# Task statement
Everything below from the line with "Carmel wedding photographer Paige Nelson" through the line with "Johann Jacob Dieffenbach" must be retyped exactly, except the pictures.

# Input material
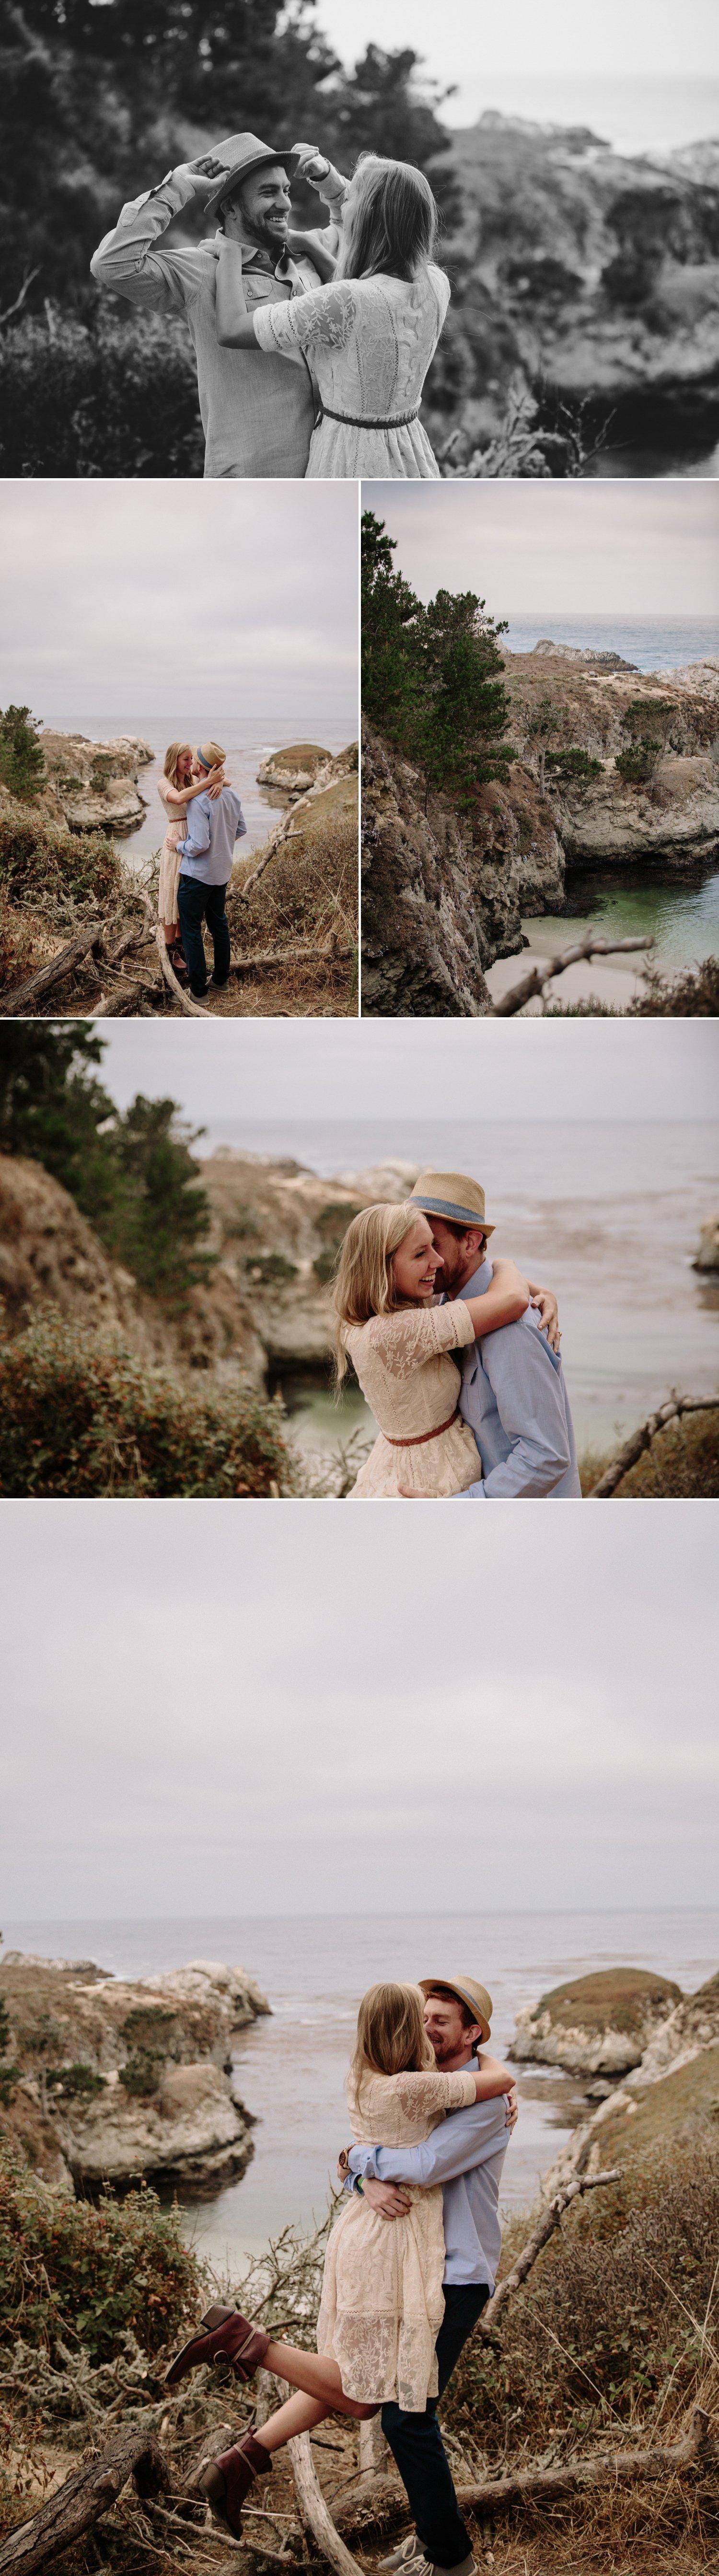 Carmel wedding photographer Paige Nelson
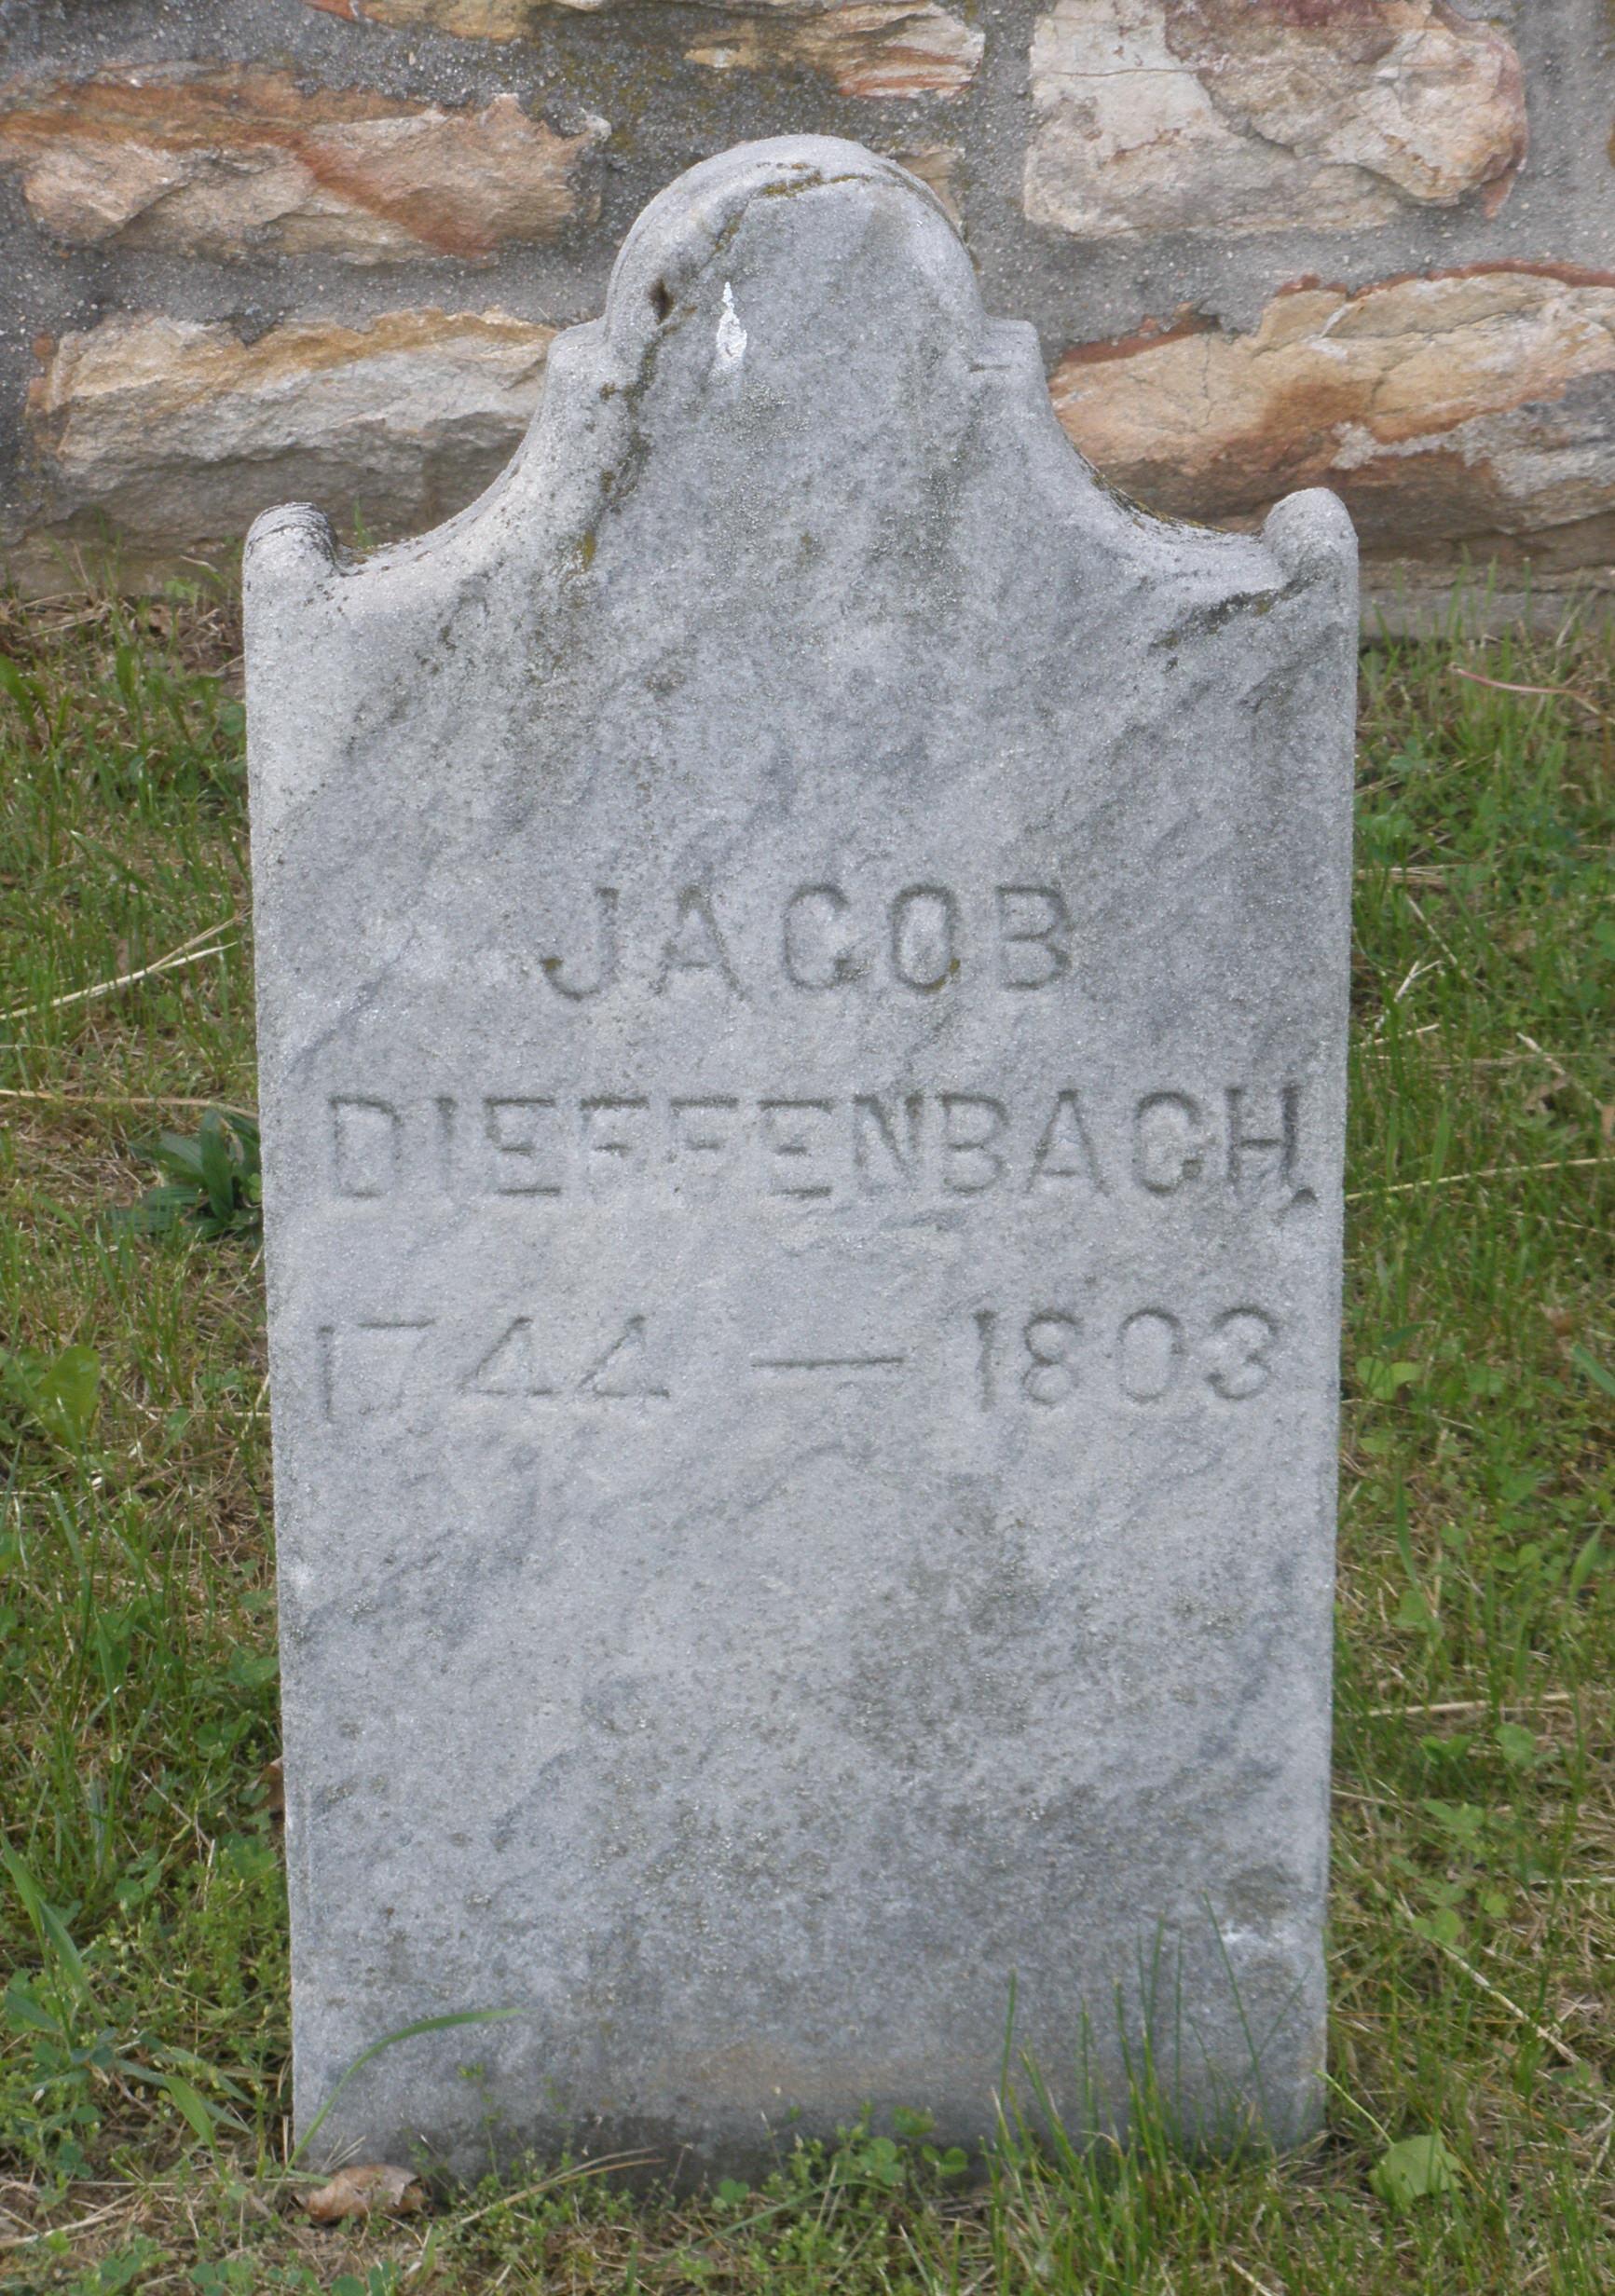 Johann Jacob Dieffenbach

---

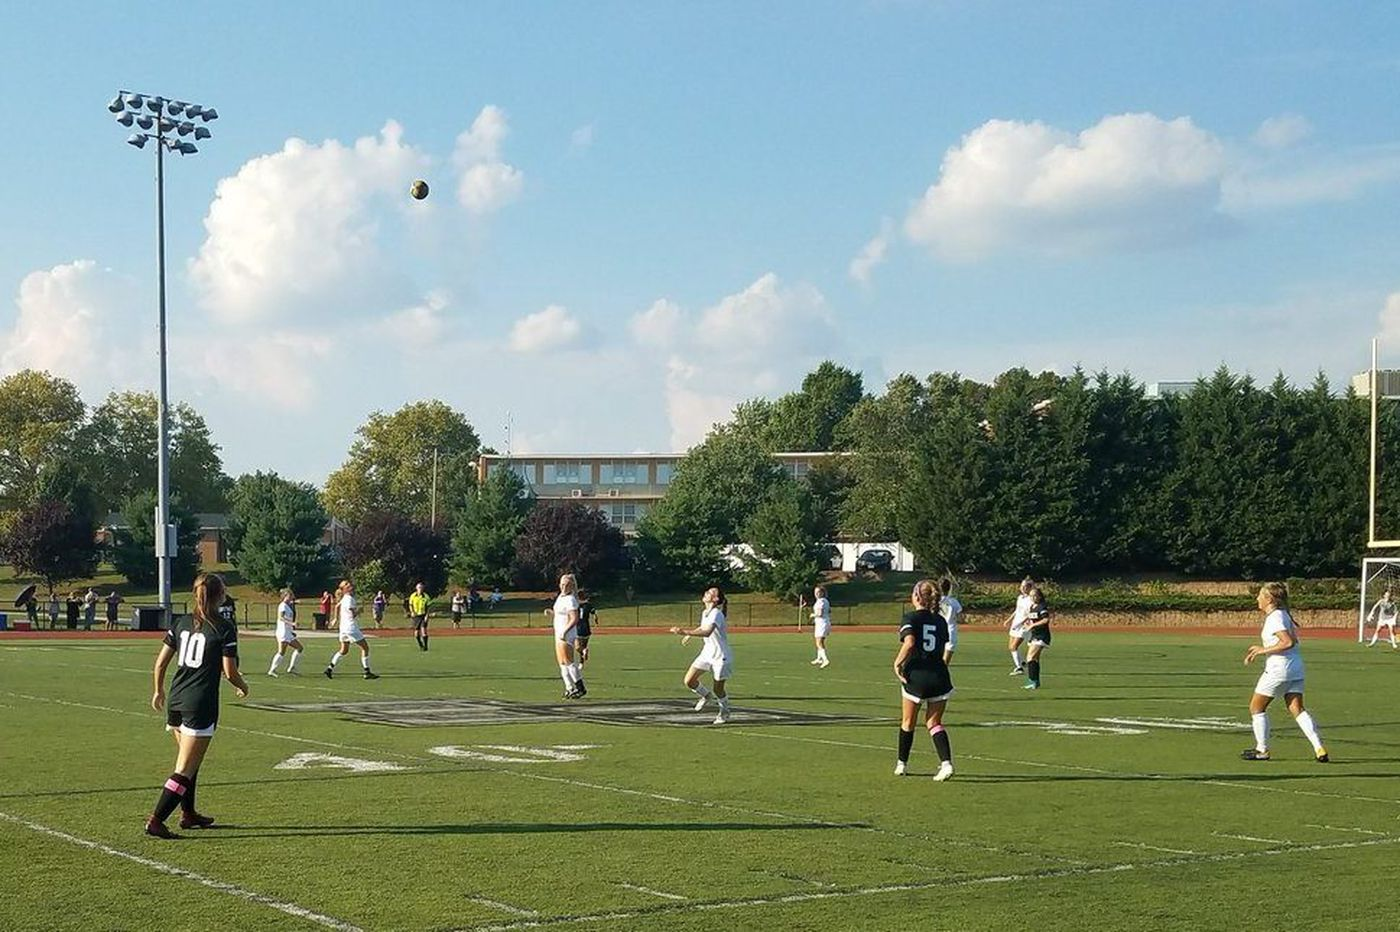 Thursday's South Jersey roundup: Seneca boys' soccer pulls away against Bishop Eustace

# Answer box
 Carmel wedding photographer Paige Nelson
 Johann Jacob Dieffenbach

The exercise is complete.